◆ WHAT NEEDS TO BE DONE
Set down the whole listing below exactly. The pictures stay out.

◆ PROVIDED MATERIAL
++++
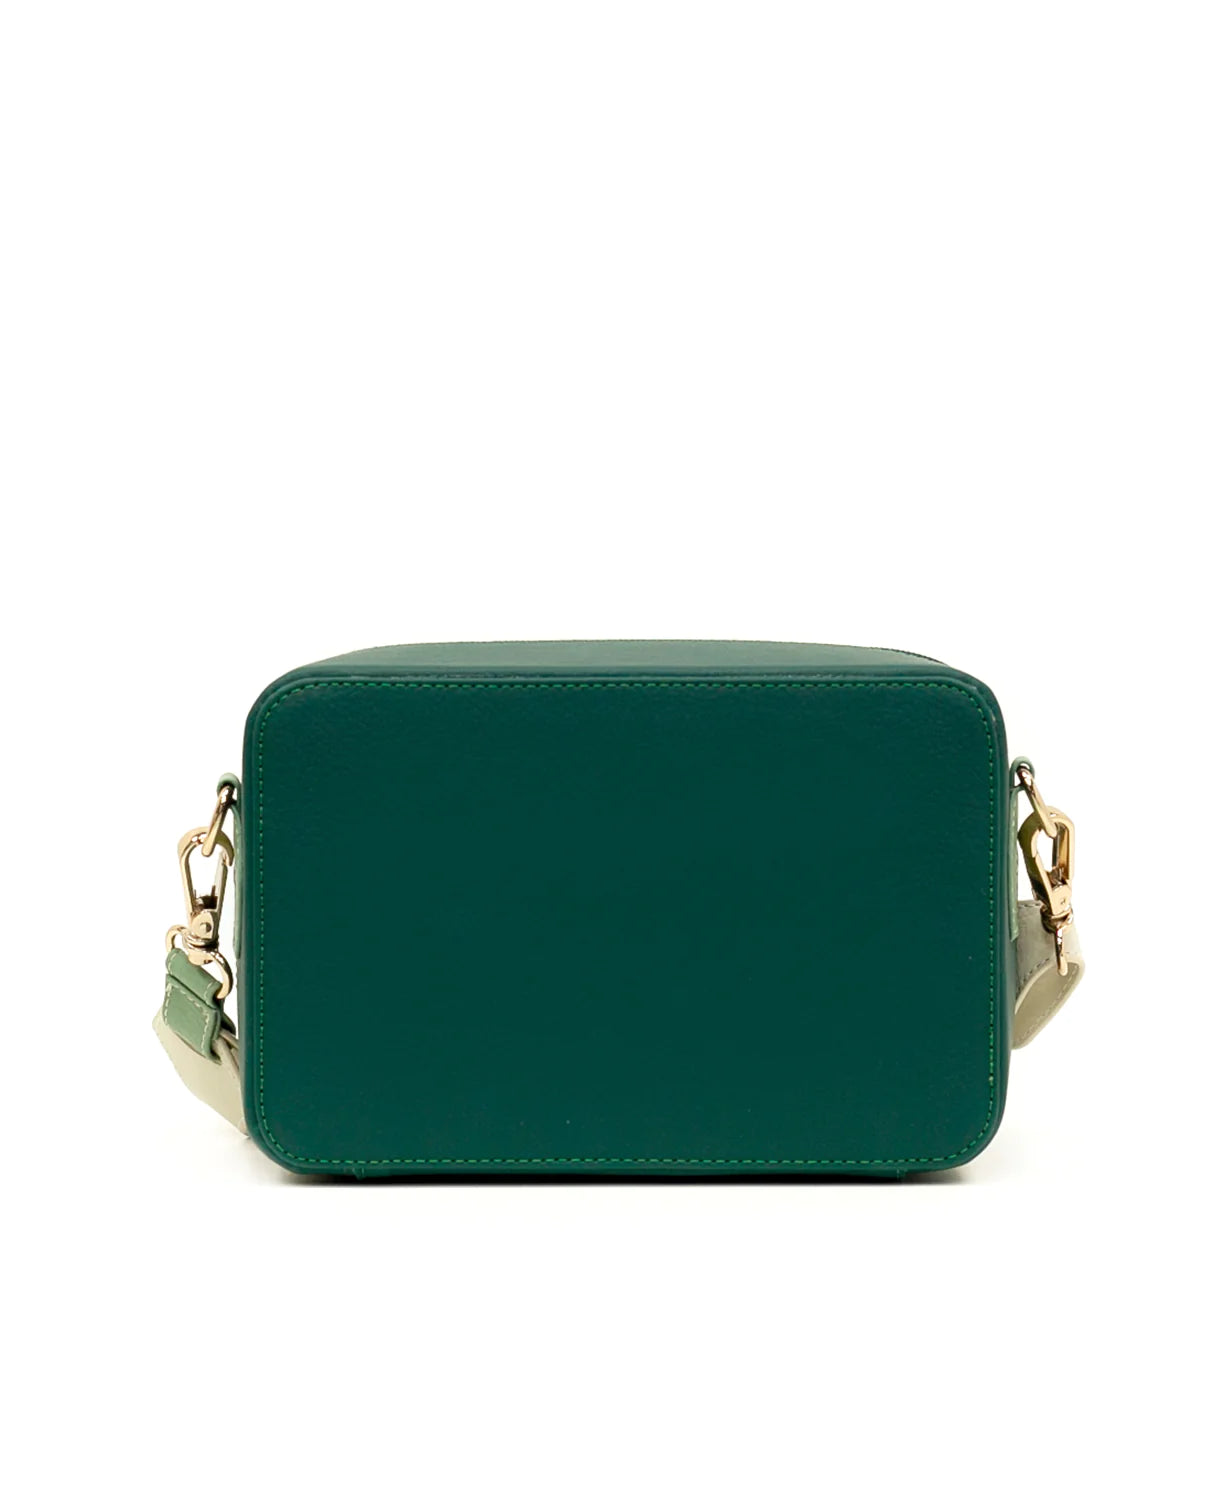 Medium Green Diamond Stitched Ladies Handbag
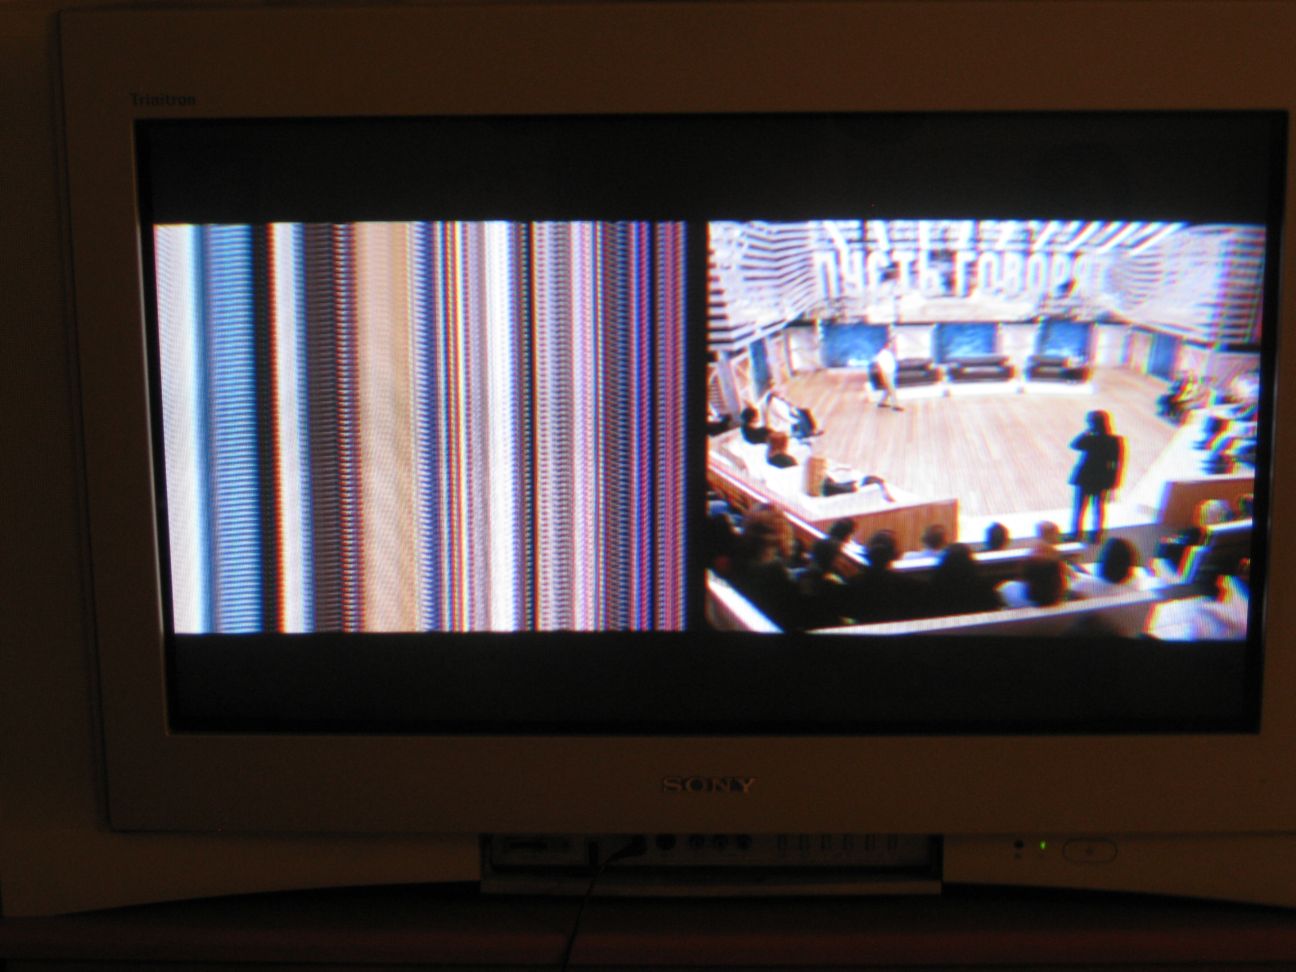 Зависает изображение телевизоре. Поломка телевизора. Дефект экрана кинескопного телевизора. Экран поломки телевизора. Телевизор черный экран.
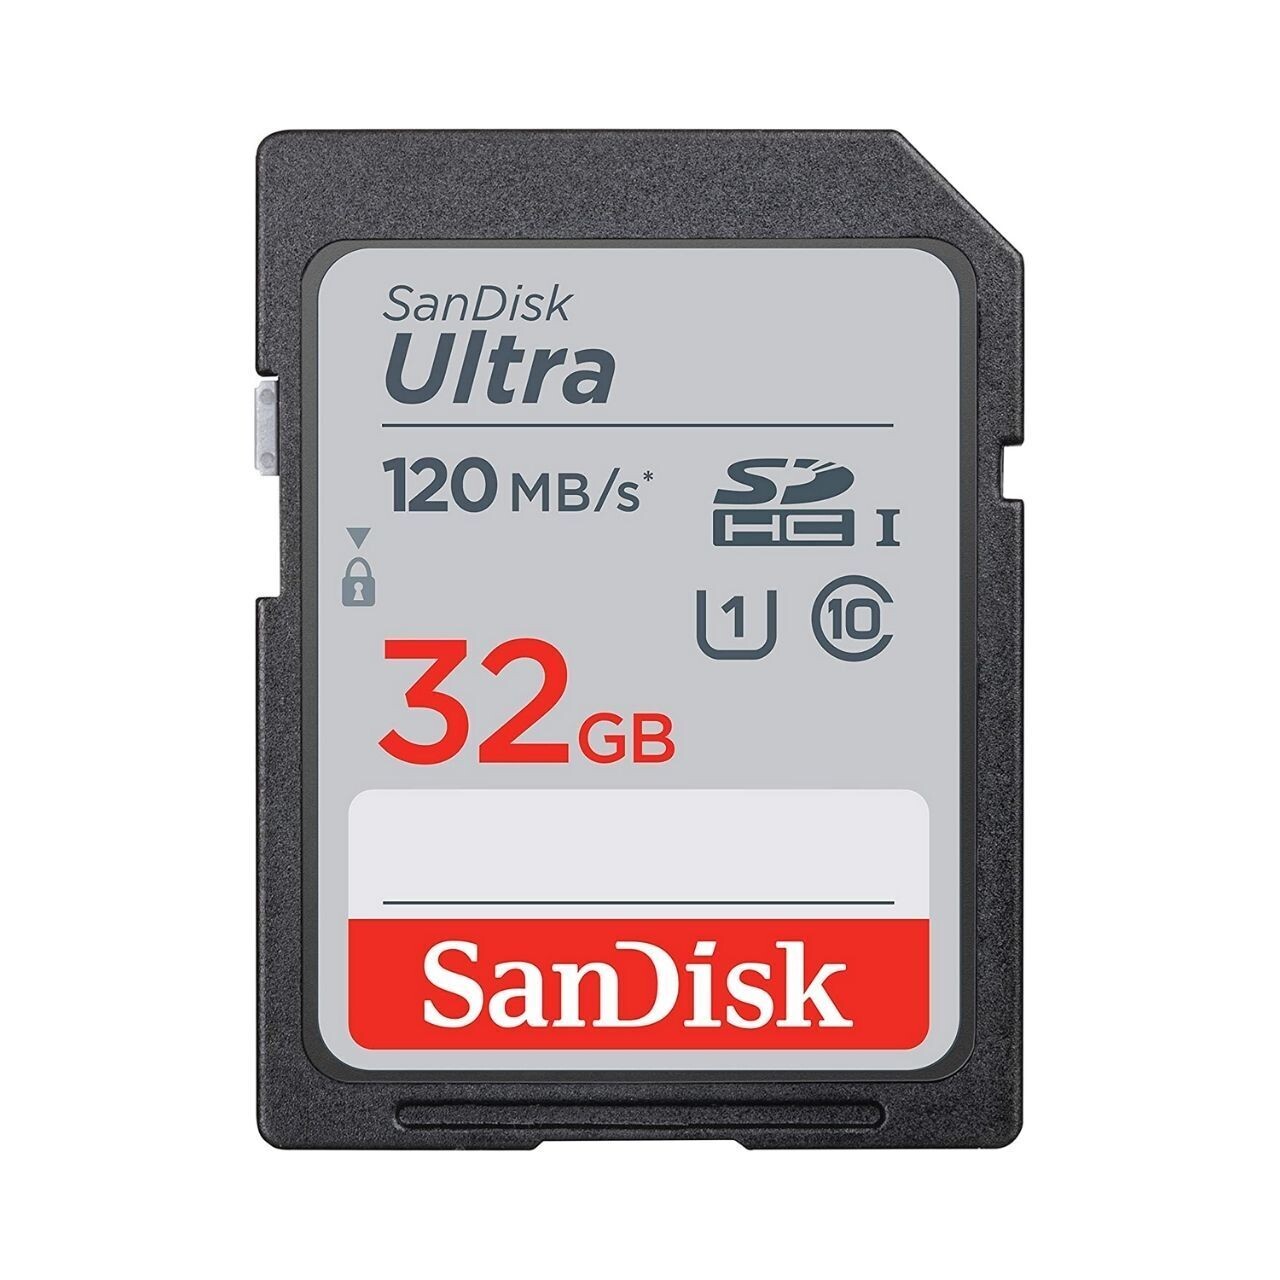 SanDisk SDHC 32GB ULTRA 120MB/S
++++
◆ RESPONSE TO THIS EXERCISE
 Medium Green Diamond Stitched Ladies Handbag
 Зависает изображение телевизоре. Поломка телевизора. Дефект экрана кинескопного телевизора. Экран поломки телевизора. Телевизор черный экран.
 SanDisk SDHC 32GB ULTRA 120MB/S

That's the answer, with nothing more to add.